(Recorded data)
--- START ---

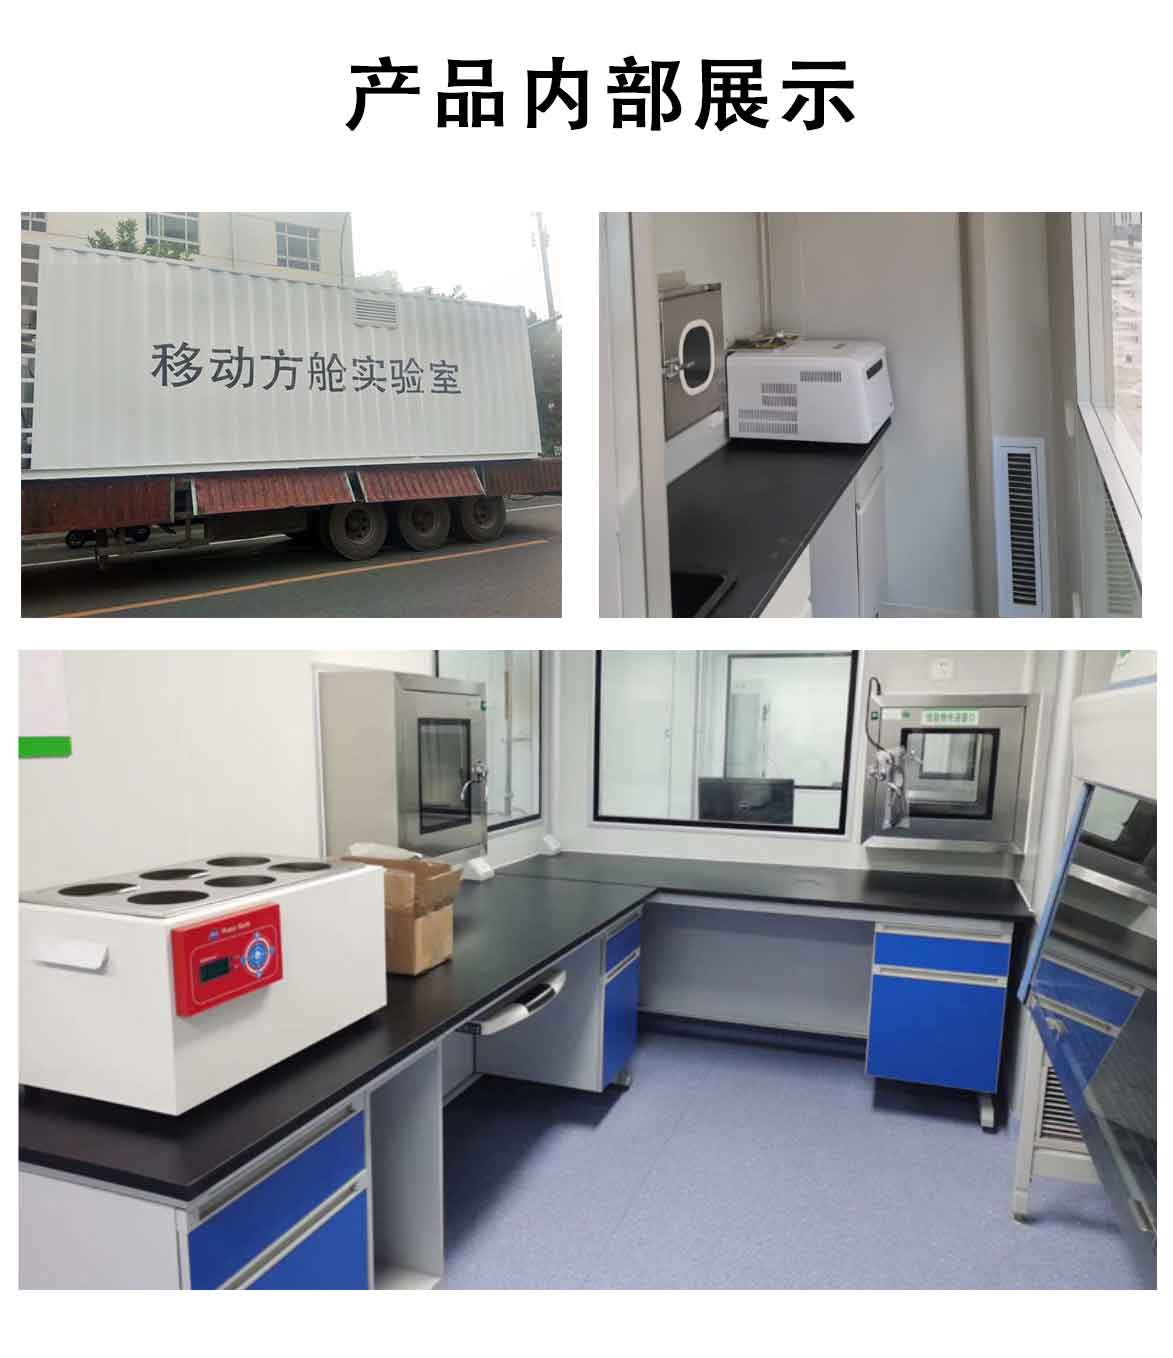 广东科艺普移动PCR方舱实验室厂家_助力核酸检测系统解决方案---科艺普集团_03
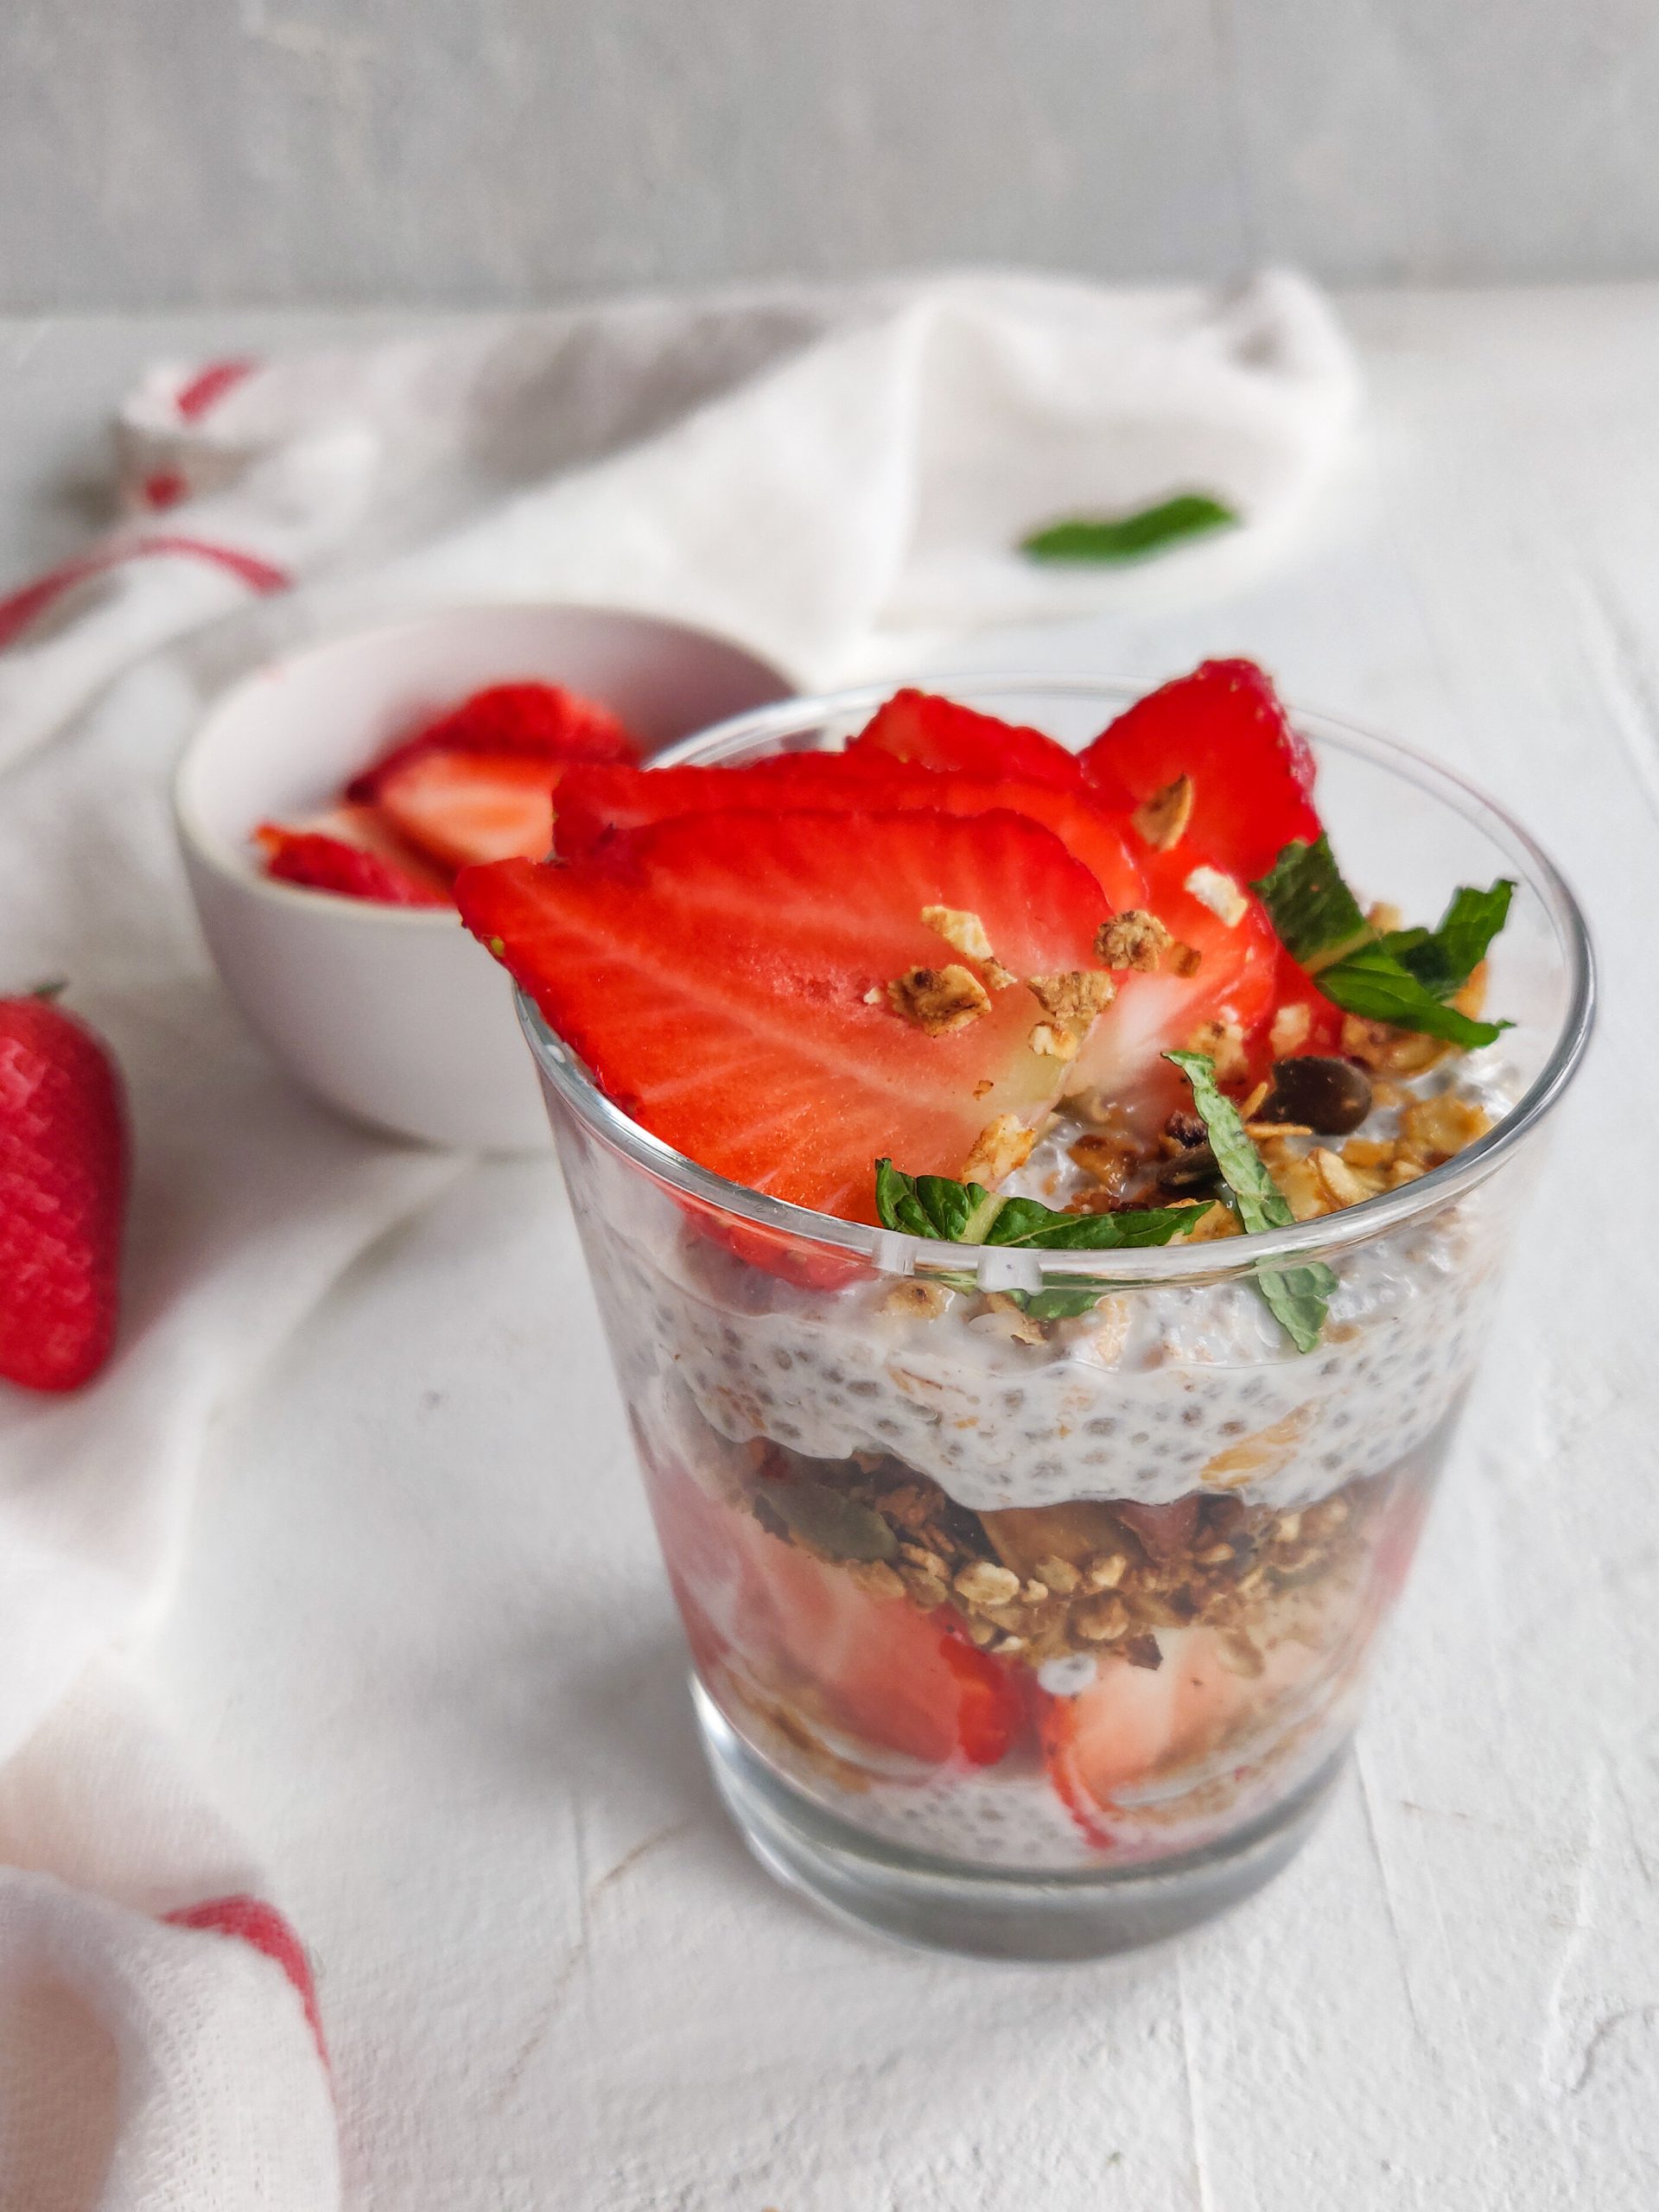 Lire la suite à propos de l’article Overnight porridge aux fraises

--- END ---
--- START ---

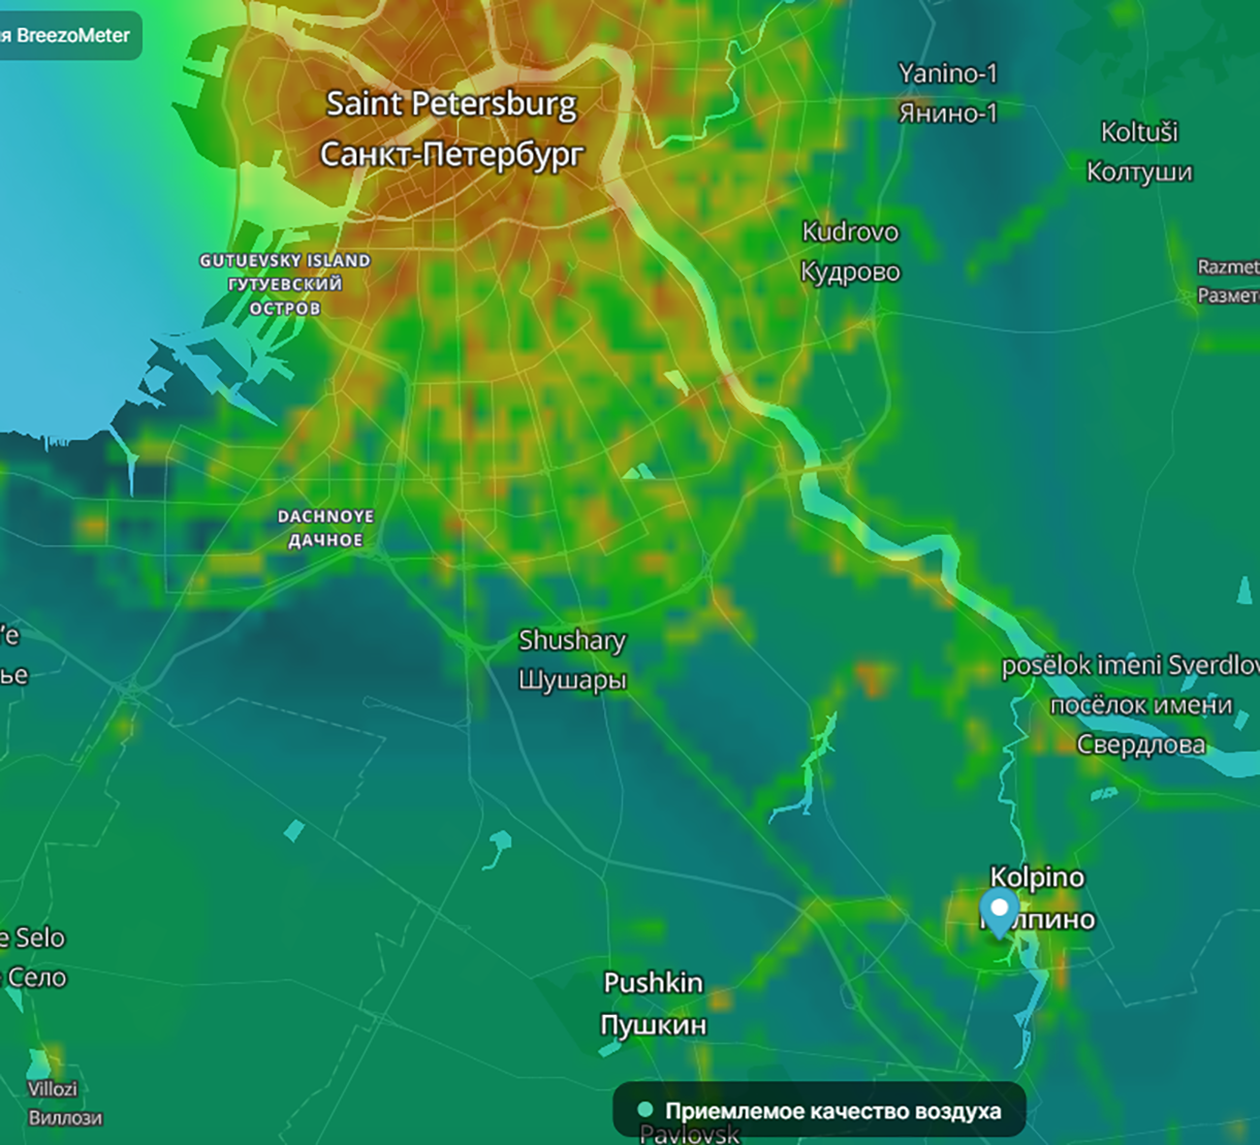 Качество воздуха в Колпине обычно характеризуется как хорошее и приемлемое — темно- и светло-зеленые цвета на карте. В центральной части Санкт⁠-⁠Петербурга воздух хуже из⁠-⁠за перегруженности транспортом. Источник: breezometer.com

--- END ---

(What is required) The answer should consist only of the lines above from the one with "广东科艺普移动PCR方舱实验" through the one with "Lire la suite", repeated exactly, with no pictures among them.

(Response)
 广东科艺普移动PCR方舱实验室厂家_助力核酸检测系统解决方案---科艺普集团_03
 Lire la suite à propos de l’article Overnight porridge aux fraises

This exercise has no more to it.